§ WHAT YOU ARE ASKED TO DO:
Copy the listing exactly, please, and keep every picture out of it.

§ STORED DATA:
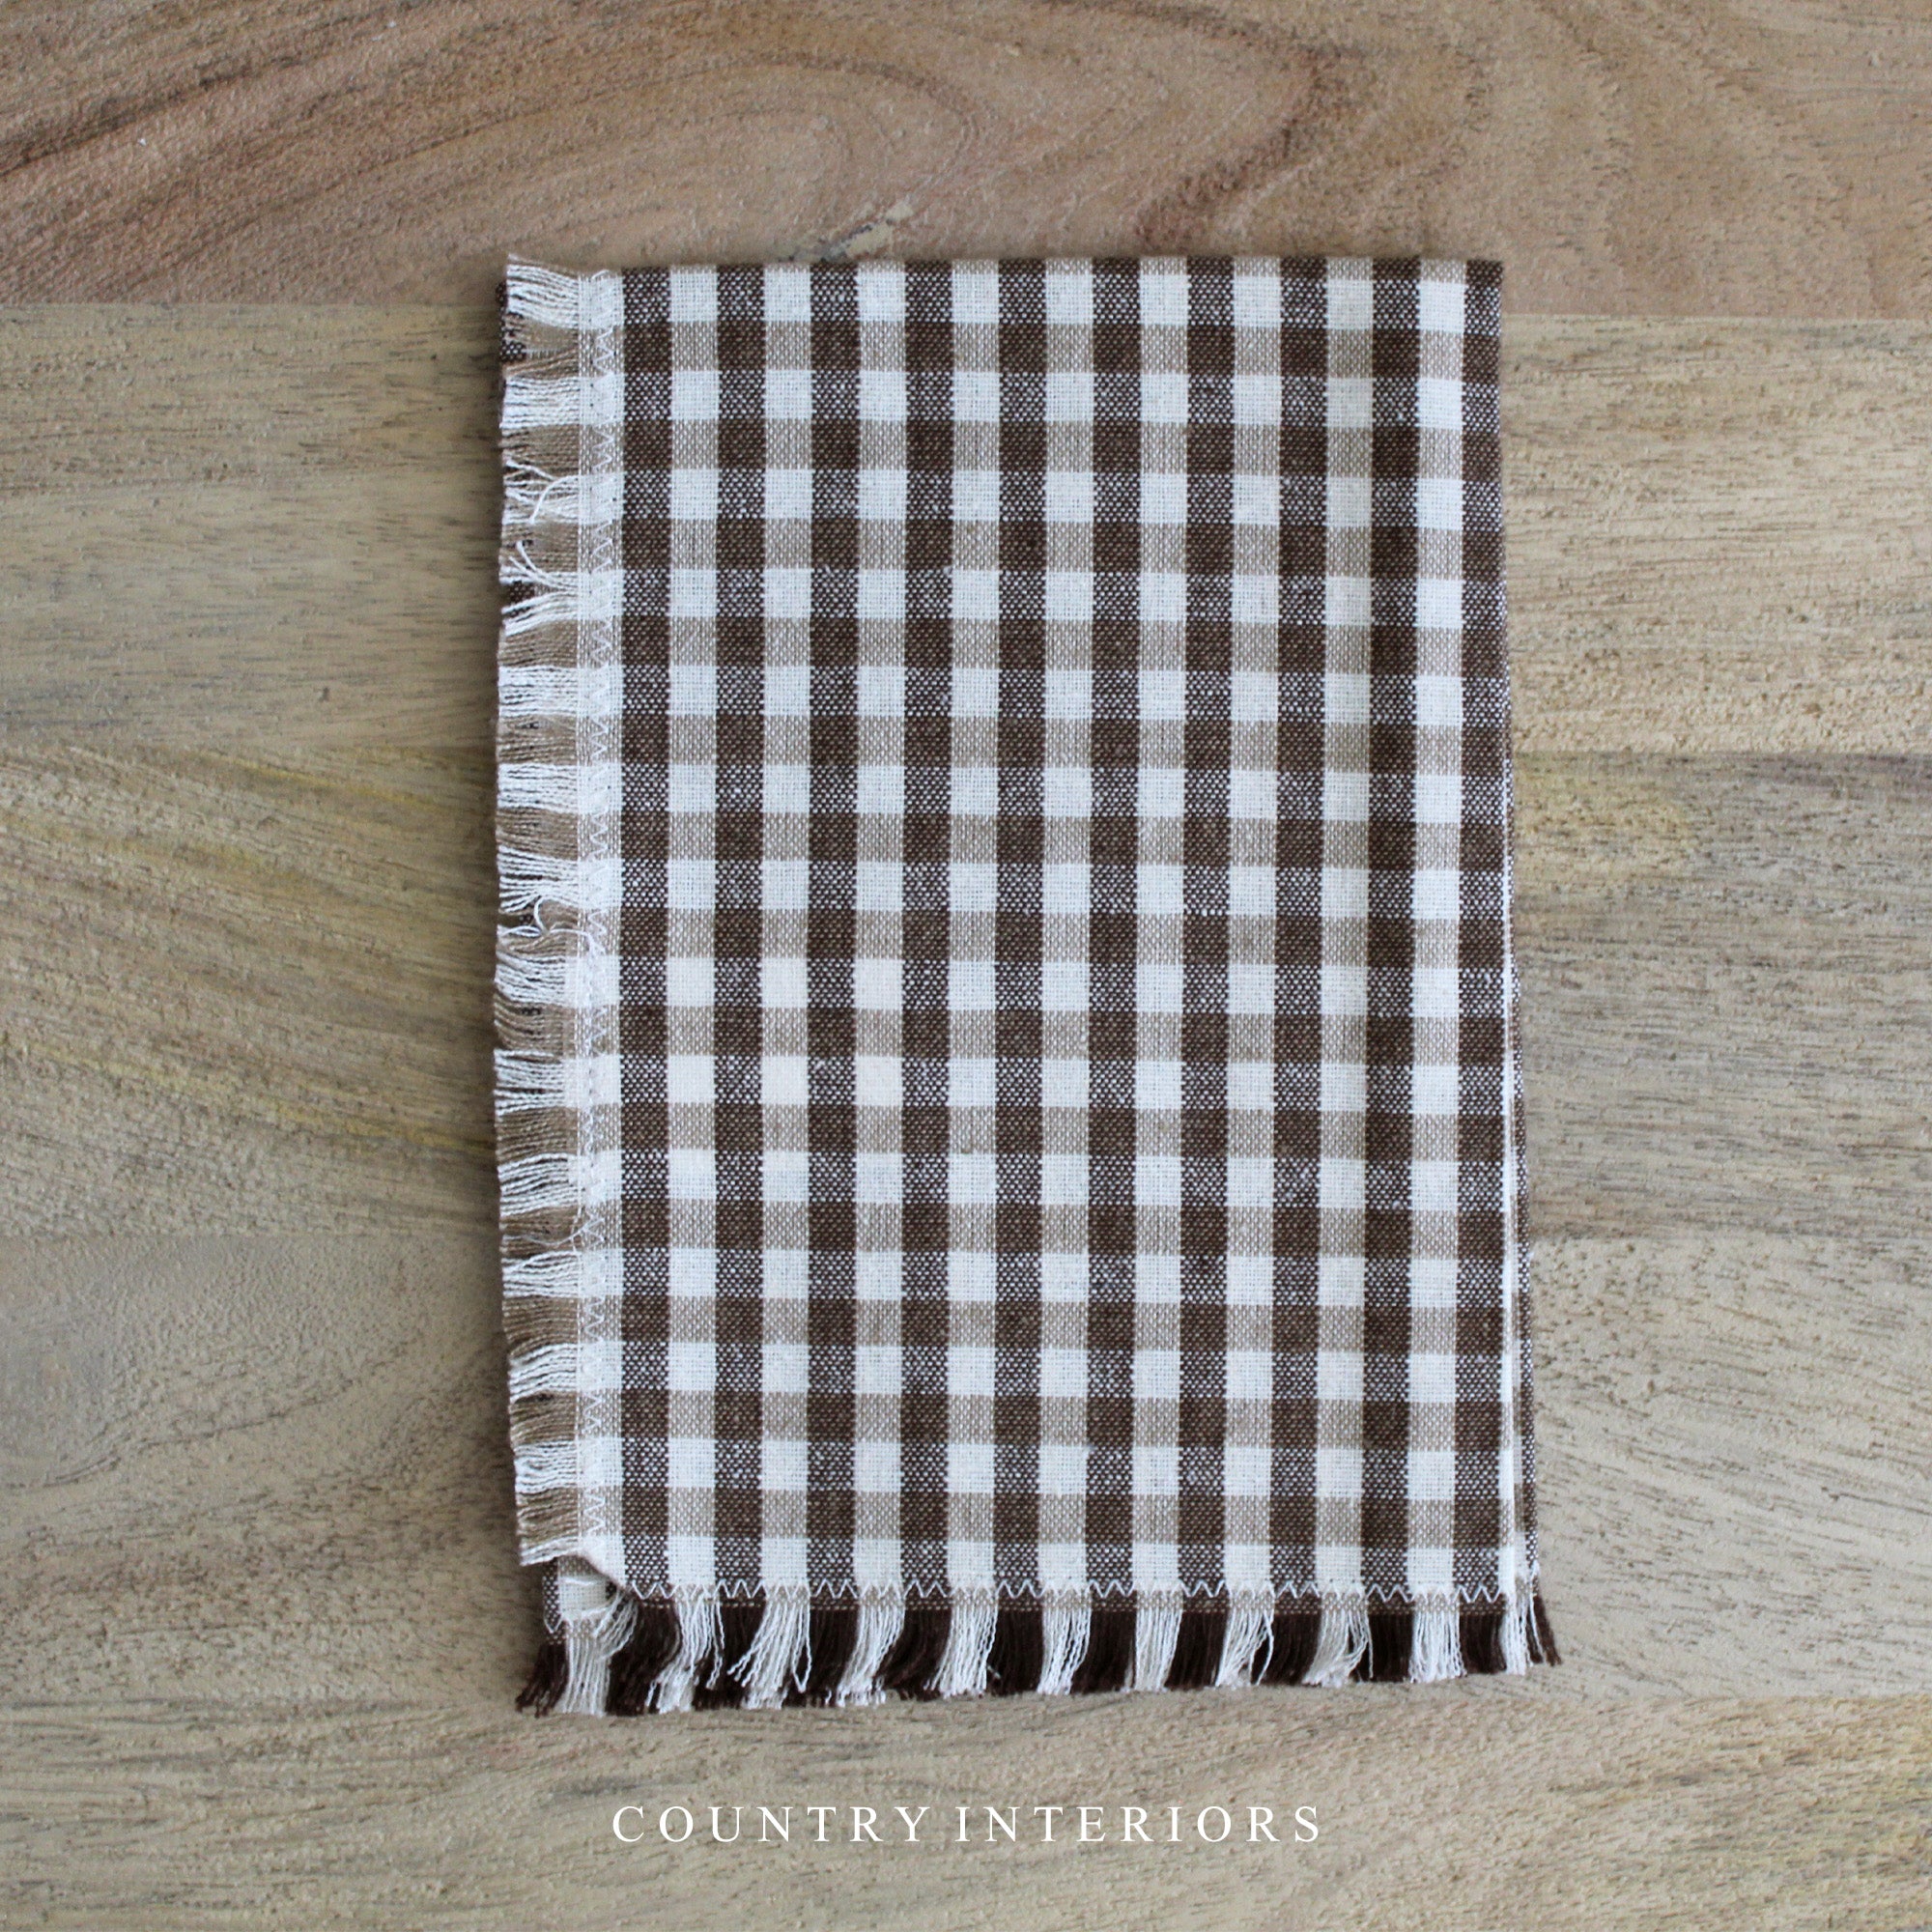 The Pioneer Woman Set of 4 Gingham Woven Fabric Napkins - Each
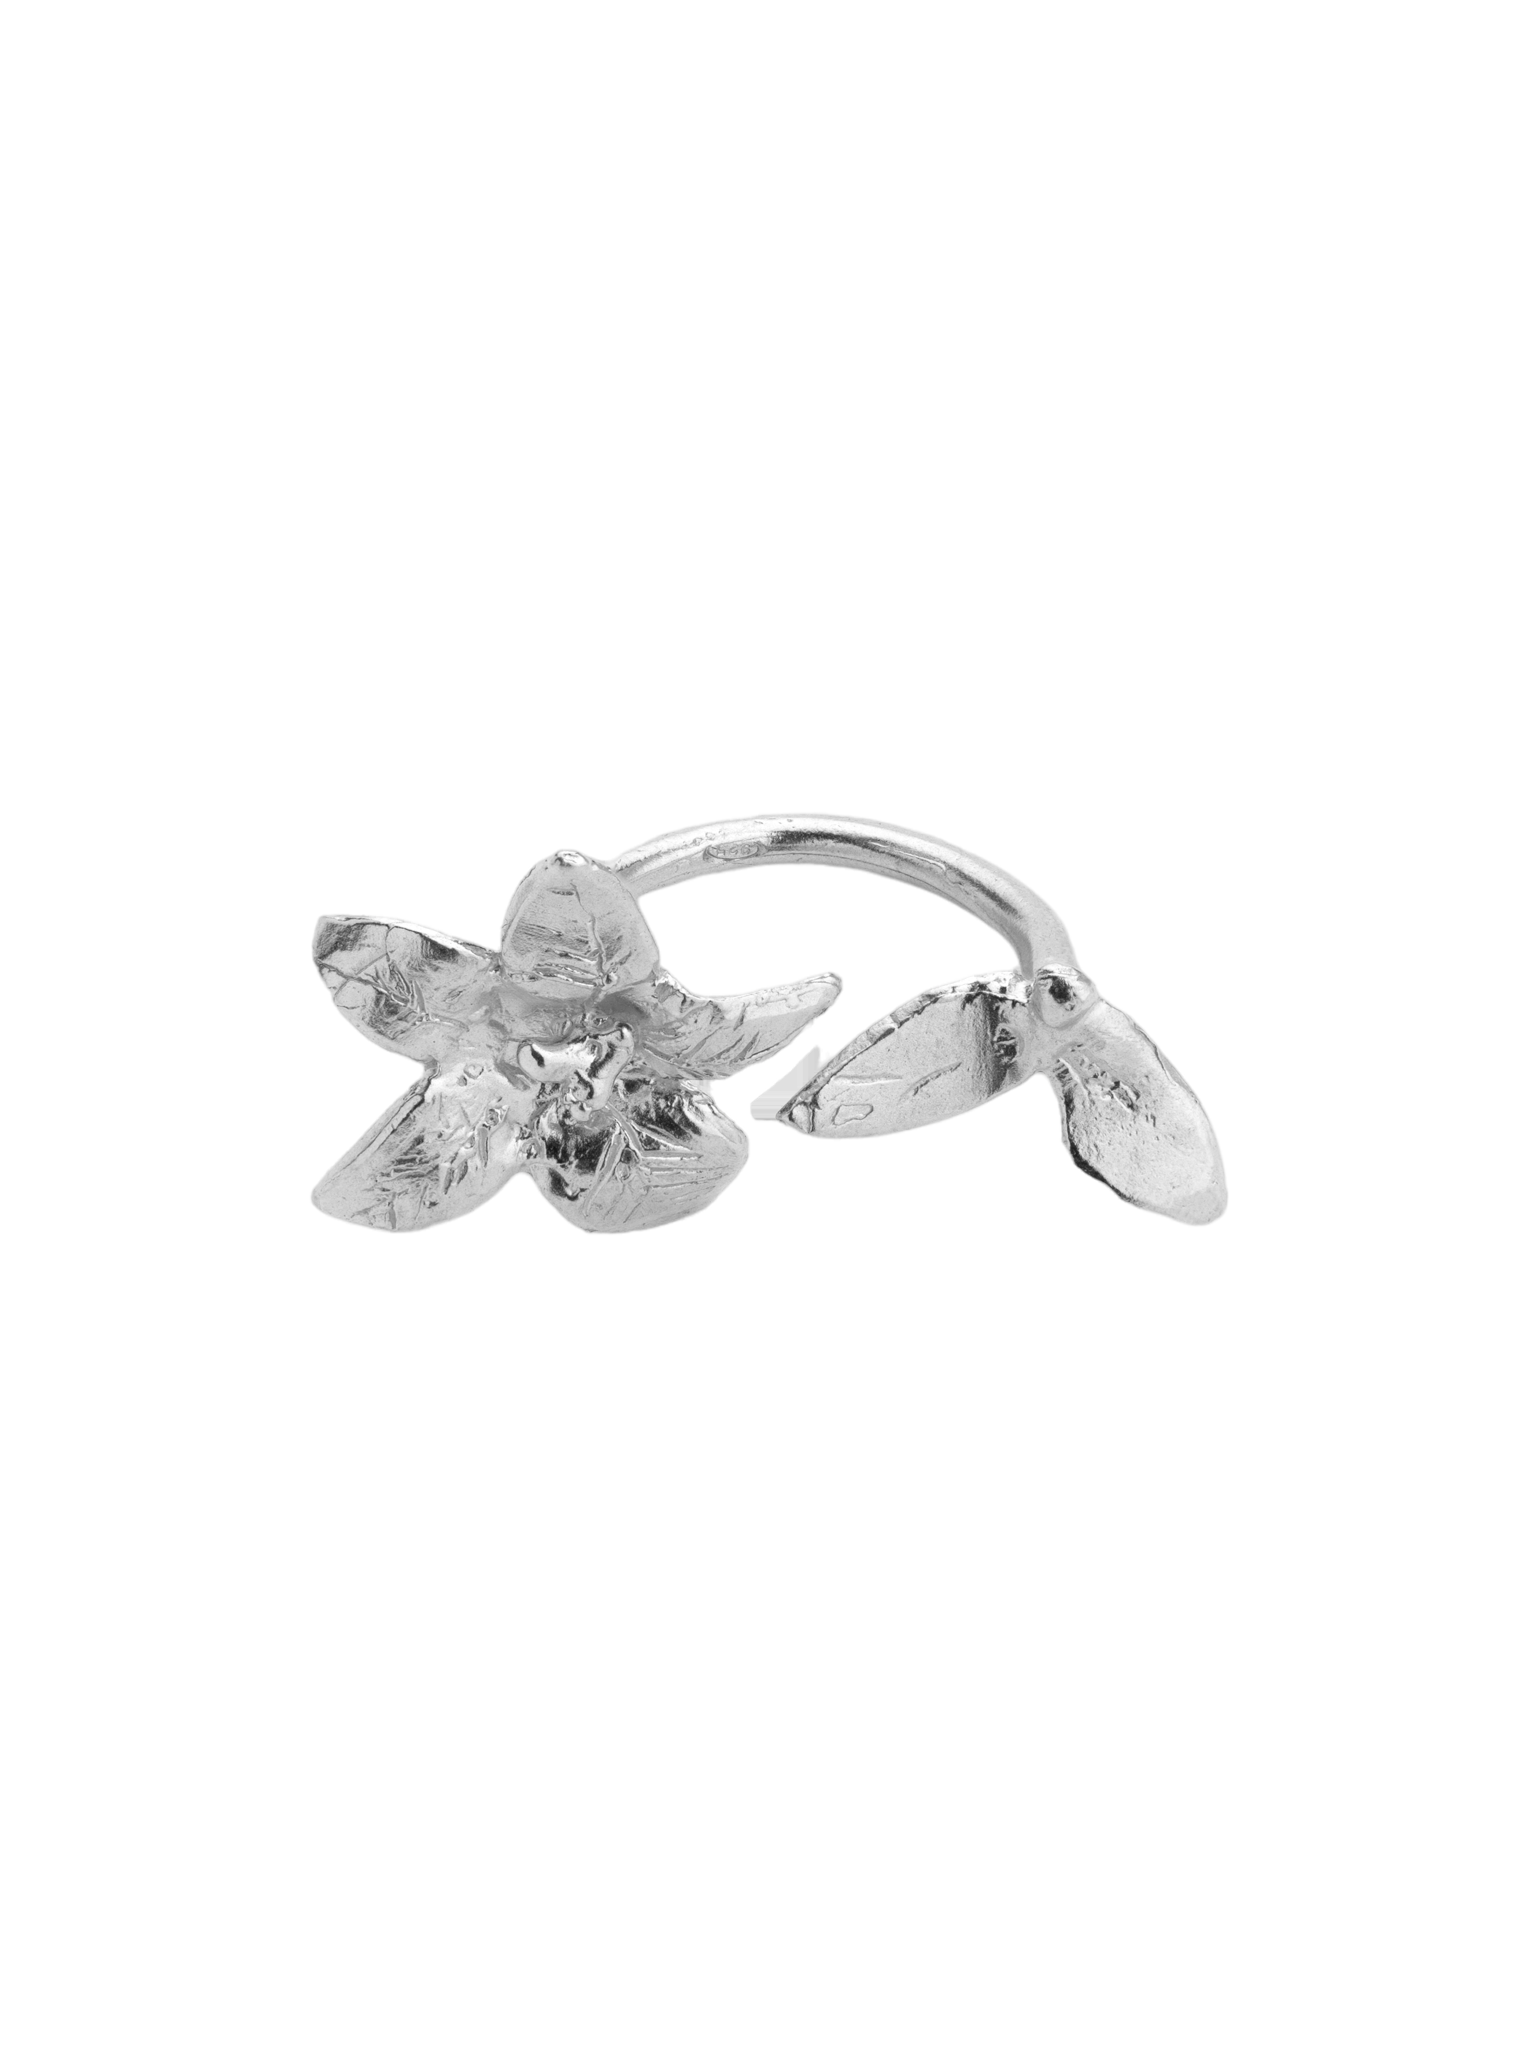 Adjustable flowers double ring
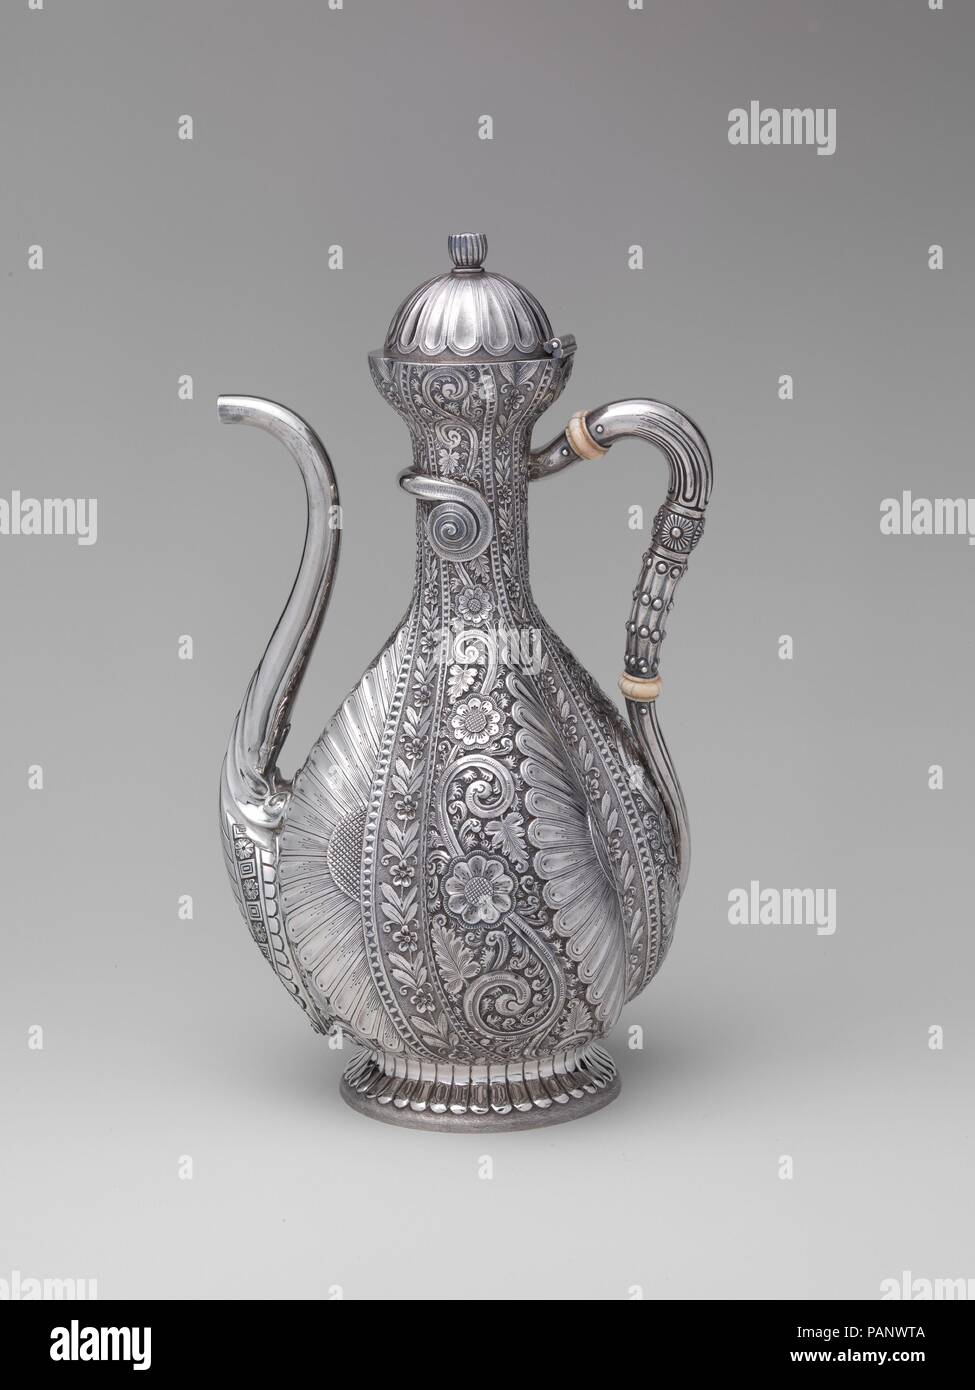 Coffeepot. Culture: American. Dimensions: 10 5/8 × 6 × 4 7/8 in., 30oz. 9dwt. (27 × 15.2 × 12.4 cm, 947.2g). Manufacturer: Gorham Manufacturing Company (American, 1831-present). Date: 1881.  Made as singular or limited production 'specials,' this sinuous coffee pot and tray epitomize the eclectic tastes and sensibilities that characterize the Aesthetic movement.  Here exotic near-eastern forms and decoration are combined with conventionalized plant motifs inspired by the British design reform movement.  The exquisitely crafted result is an inventive amalgam that is at once complex and coherent Stock Photo

§ EXERCISE RESPONSE:
 The Pioneer Woman Set of 4 Gingham Woven Fabric Napkins - Each
 Adjustable flowers double ring
 Coffeepot. Culture: American. Dimensions: 10 5/8 × 6 × 4 7/8 in., 30oz. 9dwt. (27 × 15.2 × 12.4 cm, 947.2g). Manufacturer: Gorham Manufacturing Company (American, 1831-present). Date: 1881.  Made as singular or limited production 'specials,' this sinuous coffee pot and tray epitomize the eclectic tastes and sensibilities that characterize the Aesthetic movement.  Here exotic near-eastern forms and decoration are combined with conventionalized plant motifs inspired by the British design reform movement.  The exquisitely crafted result is an inventive amalgam that is at once complex and coherent Stock Photo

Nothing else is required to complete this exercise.